The institute consists of art exhibition space and management, some graduate level programs in the fine arts and a restaurant and bookstore, which are open to the public. Since it opened, it has hosted numerous art exhibitions. The art exhibitions are held in the various galleries that are in the building. There is a committee which chooses the artists to exhibit which includes known names as well as new talents. In 2010, the Center held over fifteen exhibitions related to painting, photography and other disciplines, including those by Jacinto de Marín, and Francisco Toledo .
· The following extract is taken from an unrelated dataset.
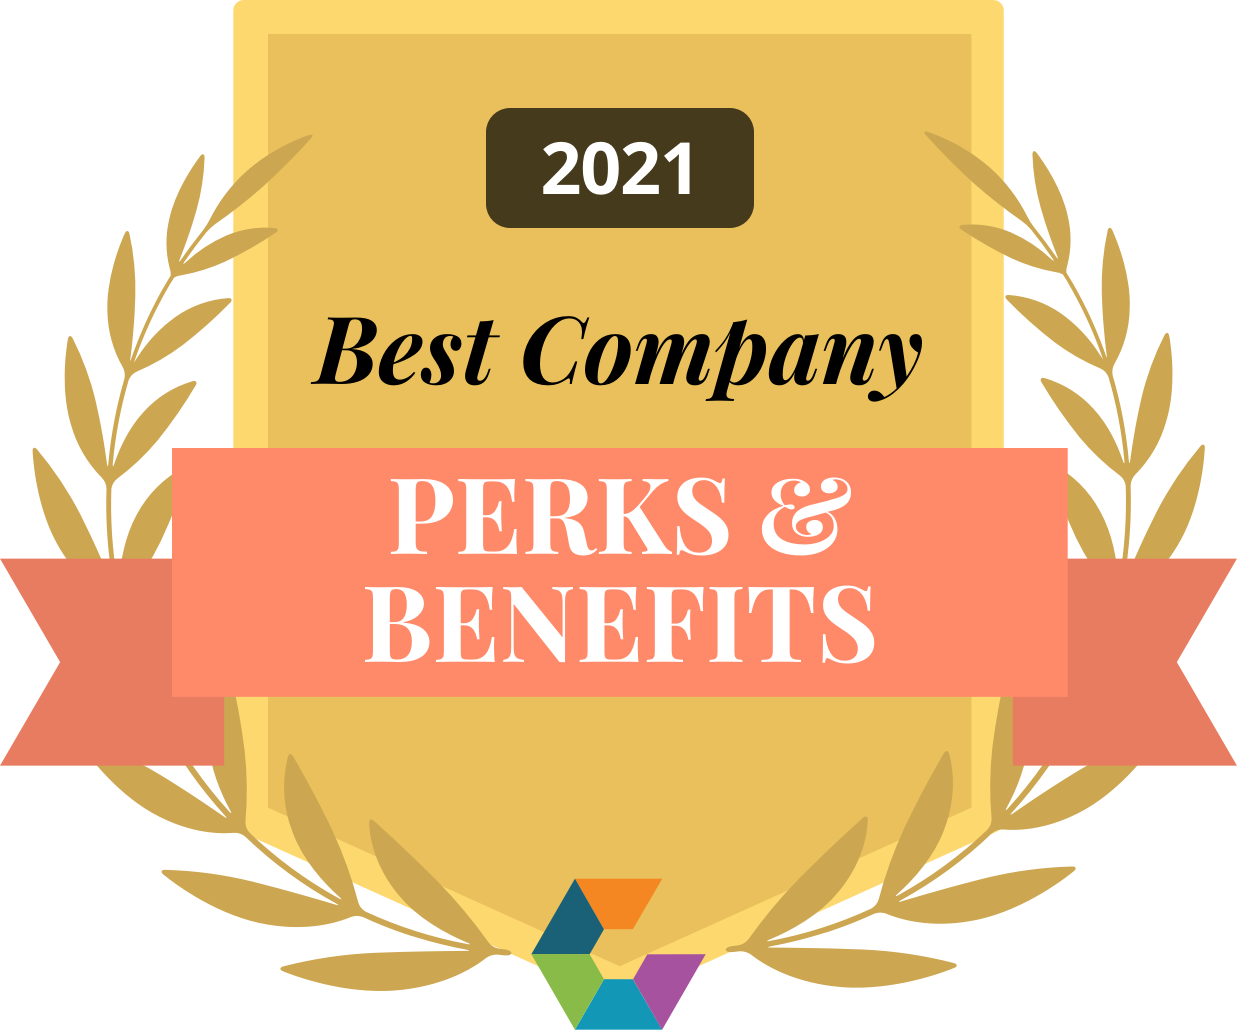 Best Company Perks and Benefits award

In 1999, it received custody of Televisa's large art collection, which was formerly housed in the Centro de Arte Contemporaneo in Polanco. The main challenge in accepting the collection was to build adequate facilities for its preservation. One of the downstairs galleries was converted for the purpose. The space contains four areas: the vault (which is fifty cm off the floor to control humidity), a research and consultation room for experts, one for the general public and a space for exhibitions of pieces selected on a rotating basis. The walls of the vault are isolated from those of the room which contains controls for temperature and humidity. The collection contains 2,294 images that Manuel Álvarez Bravo collected over twenty years. It contains works by pioneers such as Charles Gerard, William Henry Fox Talbot, Henri Cartier-Bresson, Kati Horna, Karl Blossfeldt, Man Ray, Guillermo Kahlo, Edward Weston, Tina Modotti, Graciela Iturbide, Pablo Ortiz Monasterio and Rafael Doniz as well as by Alvarez Bravo himself. The entire collection has also been digitalized.

On the ground floor of the building, facing the street are the bookstore and restaurant. The Liberia Pegaso bookstore contains large selections in English and Spanish, especially in art-related books, but there are also books on literature, history and poetry. The Las Flores del Mal restaurant was last remodeled in 2003, and is considered to be a very fashionable place to eat. Most of the dining area is centered on an open-air patio accented by a black fountain. Many of the restaurant’s patrons are those dedicated to the arts and media. It can also be rented for special events. It has a wide variety wines from various countries but the menu is not extensive containing international cuisine with Mexican touches such as huitlacoche, epazote and tamarind.

The center offers bachelor’s in art history, as well as masters in art, art appreciation and literary creation and a doctorate in art history. The bachelor’s is offered in conjunction with Secretariat of Public Education . It also offers courses, certificate programs, seminars and workshops in various disciplines such as art history, Mexican history, archeology, painting, sculpture, philosophy, music and cinema. It also contains an art library with almost 12,000 volumes, just over 680 videos.